Ramey recalls that during the 1960s Aaron Copland chided him for his allegiance to the “Tcherepnin-Prokofiev-Bartók axis,” and encouraged him to explore the broader possibilities offered by the then-widely-embraced serial approach, which Copland himself had found to be fruitful. One of the results of Ramey’s experiments along these lines was his 1968 Piano Sonata No. 3. As Ramey himself states, “It is a willfully discordant, anti-melodic composition …” Although Copland was reportedly enthusiastic about it, the pianist for whom it was intended refused to play it, and Ramey, convinced that the work was a misguided effort, “put the score away and never showed it to another pianist.” It was only through the cogent persuasion of Benjamin Folkman, the musicologist who is probably the primary authority on Ramey’s music, and the writer of the enormously knowledgeable and insightful program notes that accompany the recording, that the composer was moved to reconsider the Sonata No. 3. Undertaking a revision in 2010, Ramey did a good deal of ruthless pruning, finally arriving at what he felt was an improvement worth preserving. Despite its use of serial procedures, the piece is not likely to strike most listeners as notably different in its impact from the composer’s other major works. The third movement, marked “Allegro demonico,” offers very much the sort of Prokofievian keyboard-pummeling that Ramey seems to love to write. And the work ends with an unmistakable tonal cadence.

During the 1980s Ramey composed his Cossack Variations: 13 variations on a tune he had discovered on a postcard during a trip to Russia. In keeping with the romantic approach to this form, the theme is readily apparent during the early variations, but becomes increasingly fragmented and camouflaged as they proceed. But despite the traditional formal approach, the character of the variations remains consistent with Ramey’s style and language.

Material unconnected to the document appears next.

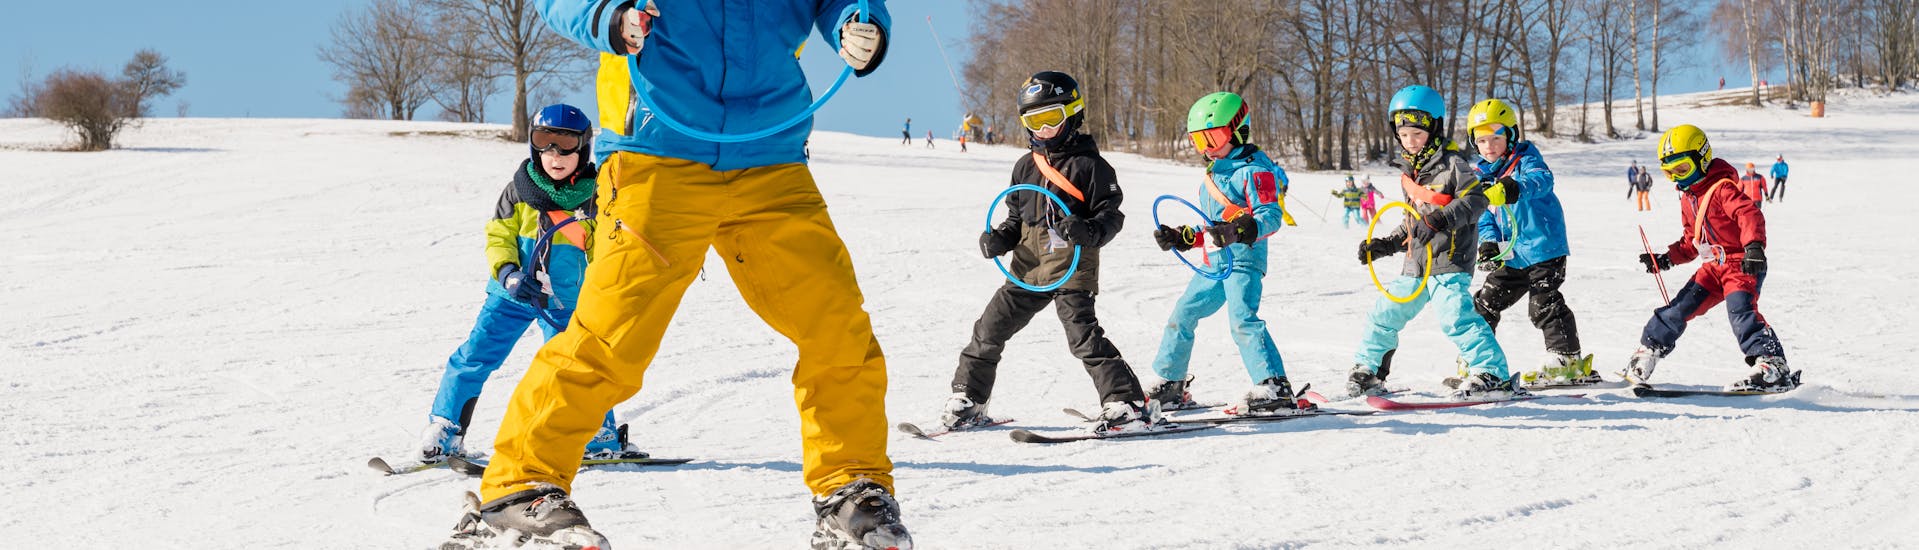 Cours de ski Enfants dès 5 ans - Avancé.

In 1967 Ramey had begun his exploration of serialism with a book of Epigrams. In 1986 he returned to the aphoristic approach with nine additional pieces, comprising a second book of Epigrams. Each piece, averaging less than two minutes in duration, attempts to evoke a particular expressive attitude. As with the other music on the disc, most of these pieces are quite virtuosic and highly challenging for the performer, while their consistently dissonant language makes discerning the explicitly identified character of each piece quite difficult for the listener.

Ramey composed the Lament for Richard III in 2001, after immersing himself in the play, in a variety of related commentaries, and in a number of productions of Shakespeare’s work. An attempt at a character study of the monstrous ruler, the six-minute piece paints a grim portrait. But here Ramey’s consistently harsh approach lacks nuance, so that the character seems to undergo a clubbing, rather than an evocation or elucidation.

Ramey’s Piano Sonata No. 7 was completed in 2011. An ambitious work in three movements comprising 17 minutes in duration, it is only a little less strident harmonically than most of the music presented on this disc. Nevertheless, I find it to be the composer’s most convincing and personal work, of those known to me. It embraces a musical language of considerably greater breadth than most of his earlier compositions, allowing for a more multidimensional expression, enhanced by the kind of nuance I found lacking in the Richard III piece noted above.

Ramey is most fortunate in having a commentator of Folkman’s caliber to discuss his music in some depth, and in having a pianist whose renditions he can endorse as “absolute perfection.” Therefore one can state confidently that this release, along with its predecessors, make the best possible case for Phillip Ramey as a composer of considerable stature.